You can collect the larvae by placing a bit of tarpaulin next to an ant's nest and breaking the nest open to let the ants and larvae fall onto the tarp. Then you fold over one side of the tarp to create a shade, as the ants will helpfully collect their larvae and place them in the shade ready for you to scoop up. They look like puffed rice, so just think of it as Rice Krispies, Mears-style.

Earthworms are also good to guzzle, especially if stored in salt water until they go a healthy pink in colour. And the very grossness of sucking those tasty morsels down should appeal to your show-offy, Ray Mears side. If it doesn't, then what are you doing reading this? Go and look at the UKTV Food website instead, you wimp.

How to build a shelter
You can't call yourself Ray Mears until you're able to create a debris hut. And even then we'd advise against calling yourself Ray Mears unless that actually happens to be your name.

The debris hut is the standard, bottom-line, absolutely essential shelter to make if you're in a forest and in need of a kip. What you need is one long thick log, one end of which rests on the ground while the other is allowed to rest a metre or so up a standing tree trunk. This is the spine of your shelter, and you create a "rib cage" by placing countless branches and twigs all along the log in a lattice.

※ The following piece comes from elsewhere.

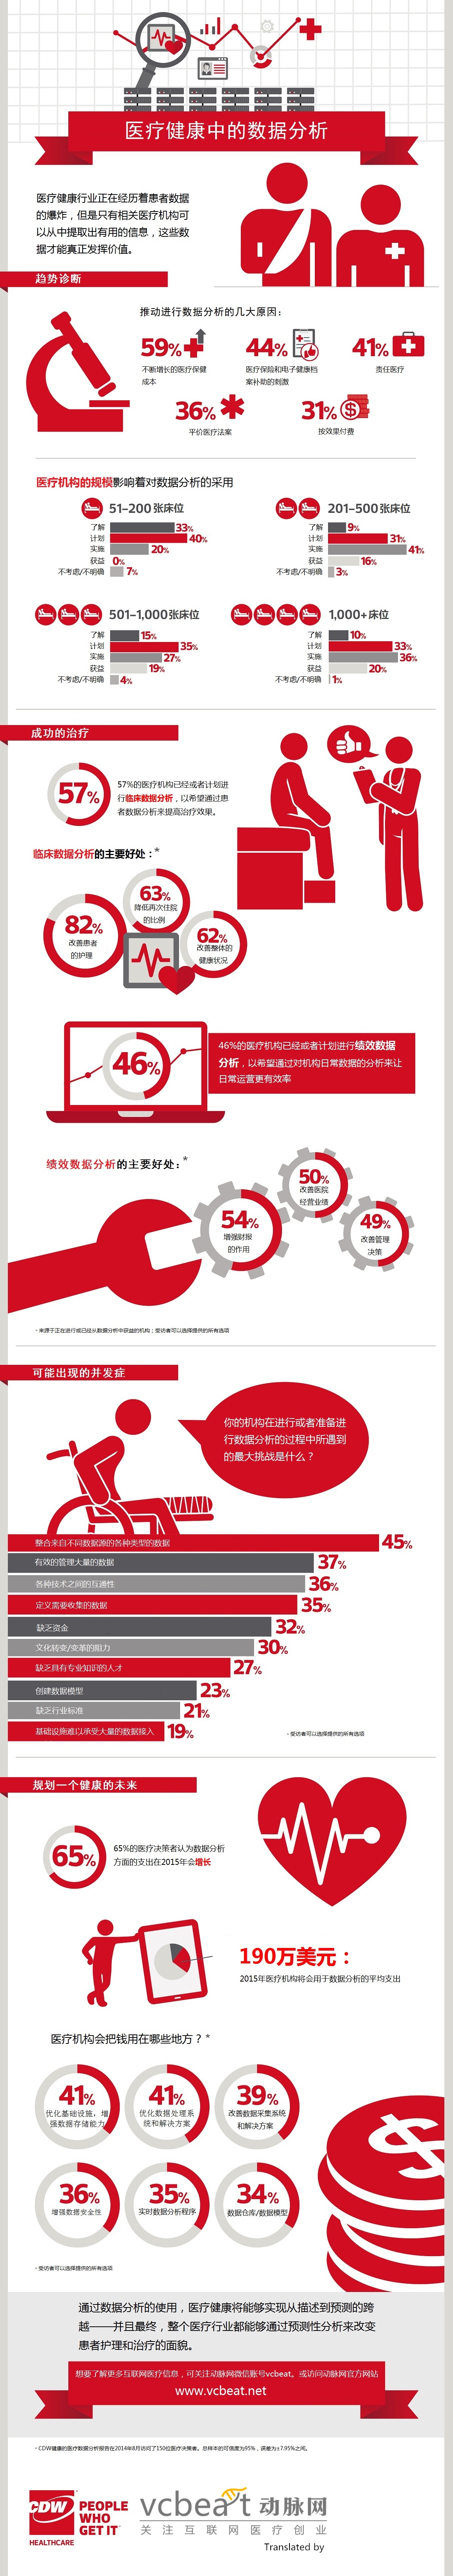 CDW-Healthcare_Analytics-in-Healthcare-Infogra - 副本 - 副本 (2)_副本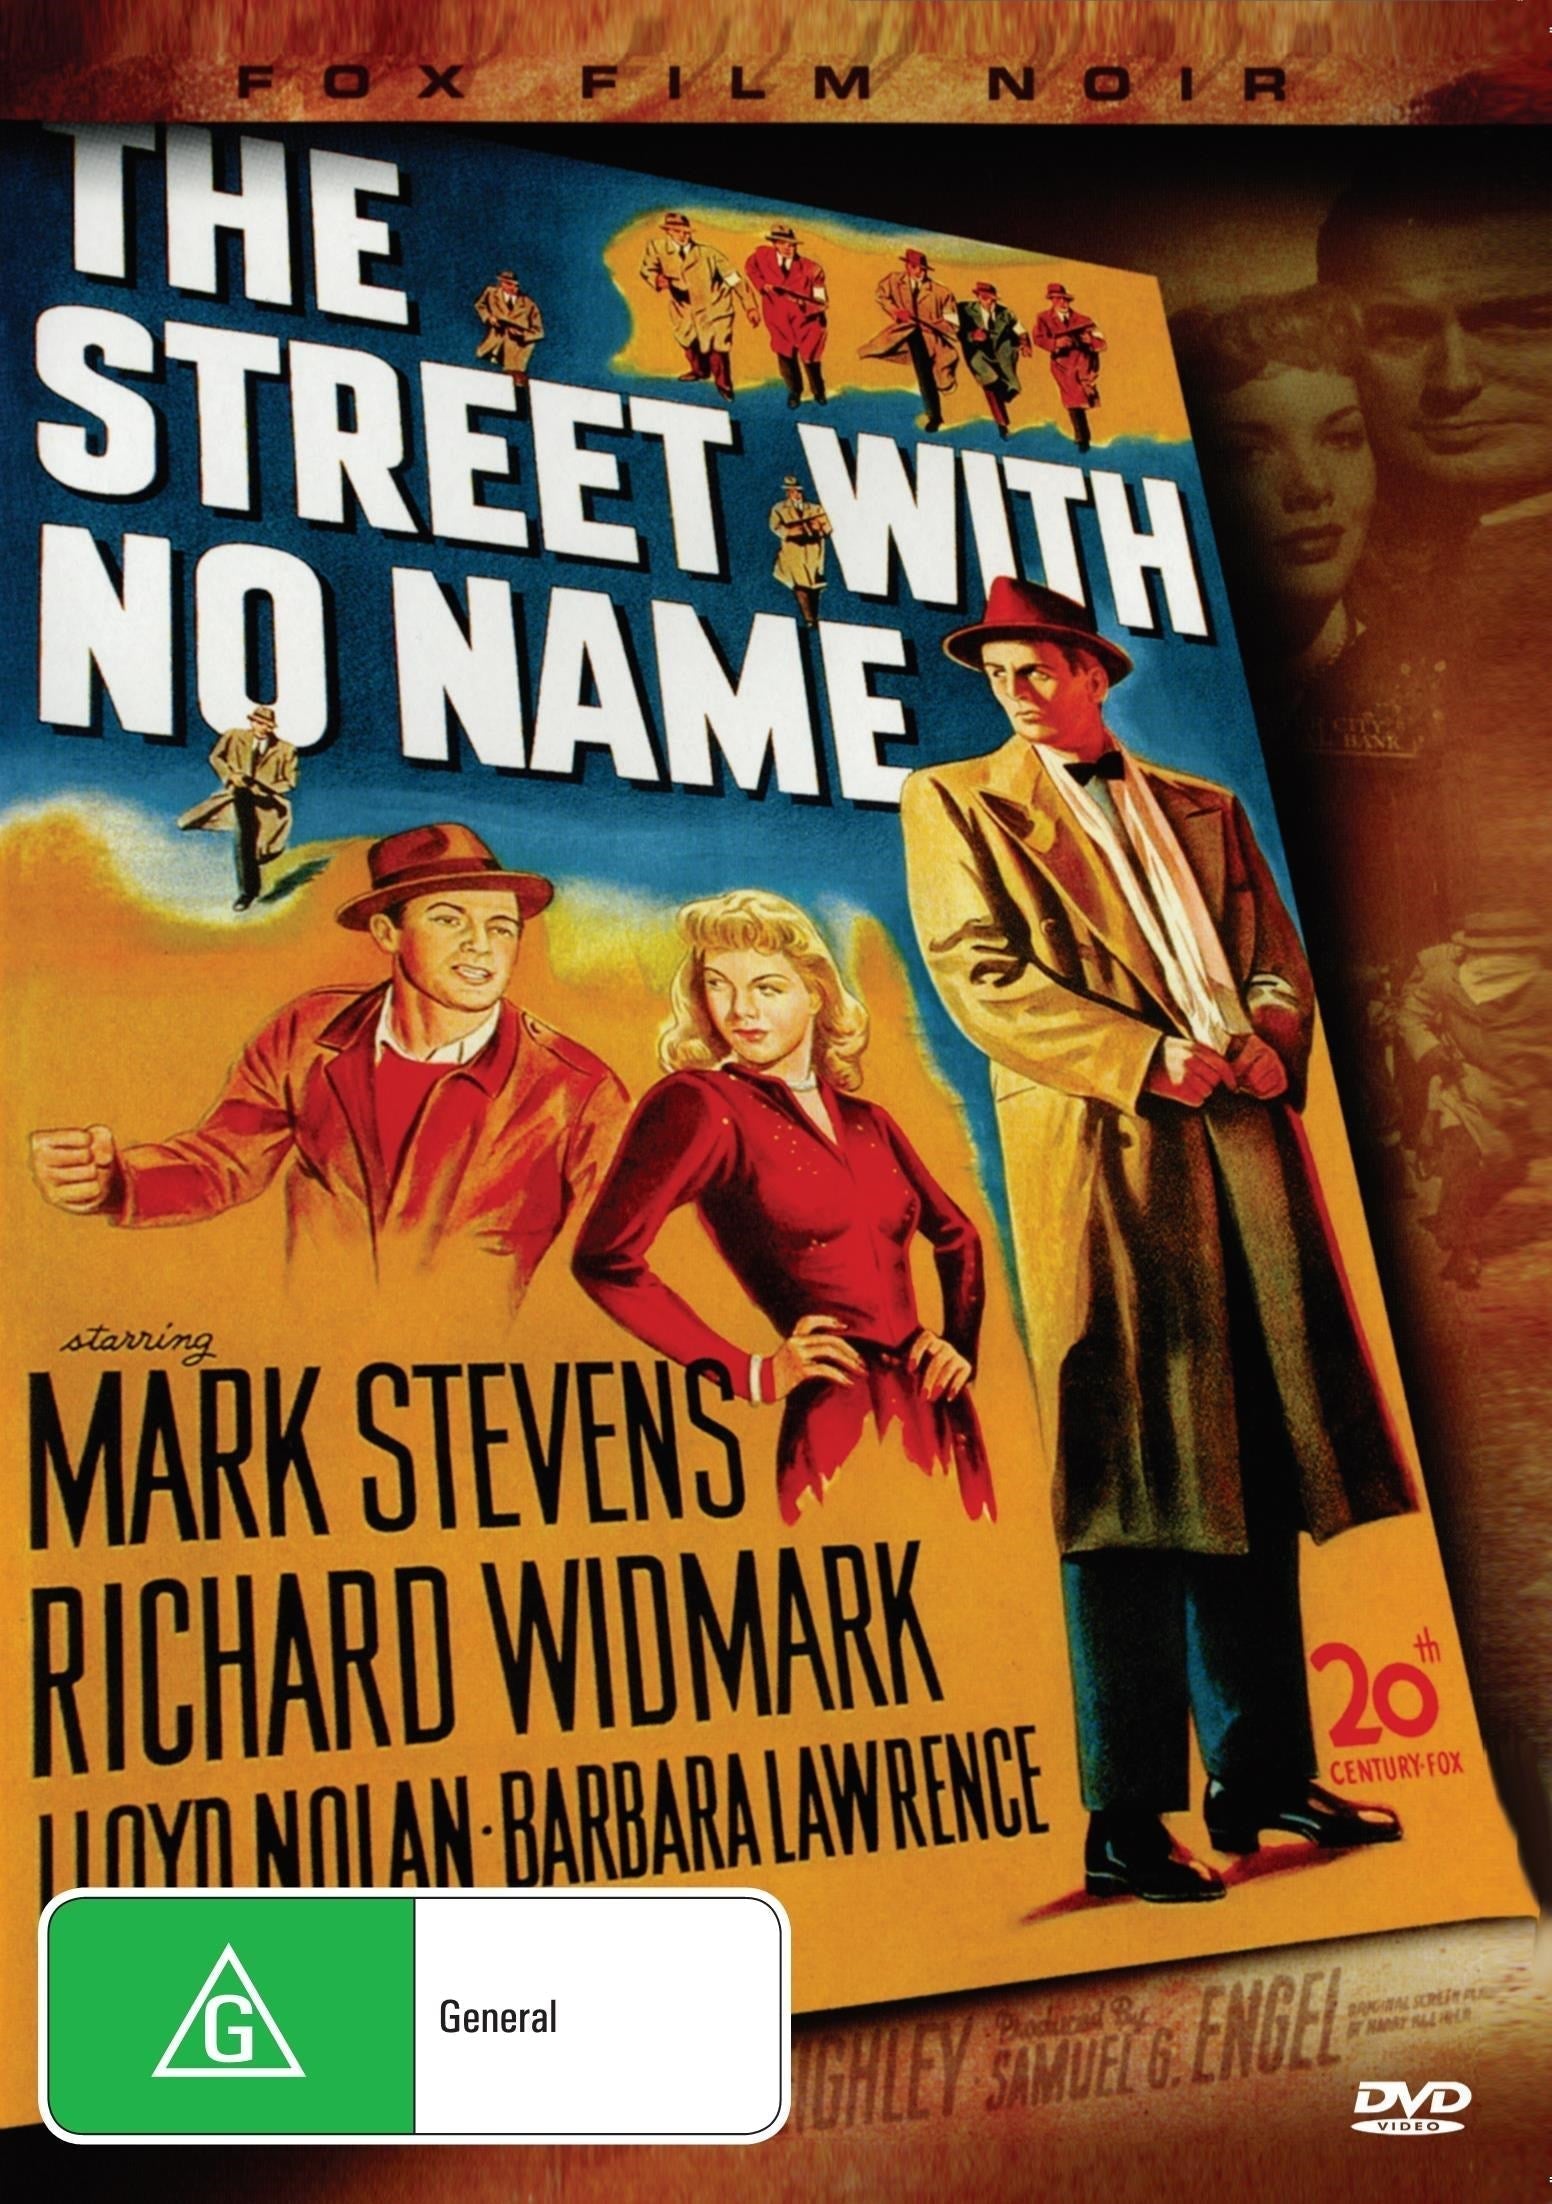 The Street With No Name rareandcollectibledvds

What you're left with is a big long twiggy branchey cocoon, over which you must heap plenty (and we mean plenty) of leaves, mud, bushy things and anything else that comes to hand (not live animals). After you've formed this insulating layer, the standard procedure is to crawl inside, lie down and rue the day you ever got interested in bushcraft.

What to do if you're lost
So what happens if you find yourself well and truly lost? Well, you'll probably want to panic and rush around and babble to yourself and generally act like a complete idiot.

Instead, complete calm is required, as you need to reserve your energy. It's generally advisable not to move far and to actually hunker down, create a base (perhaps with one of those debris huts that you're now so good at making) and set up an internationally recognised distress signal. Which is simply three campfires arranged in a triangle. In fact, three of anything arranged in a triangle is a recognised distress signal, so improvise.

And if you have reason to believe there won't be anyone coming your way anytime soon, then mark your current position with a pile of rocks and walk away in one direction until you come to something useful. Like a stream, which can be followed to civilisation. Or a wood-dwelling family of inbred freaks, who'll bring your troubles to an end very promptly.

Now go forth and survive...
You are now ready to head out into the wilds of the world (or your local park) to live off the land, build your own shelter and hopefully not get arrested for being a weird worm-eating vagrant. Happy bushcrafting!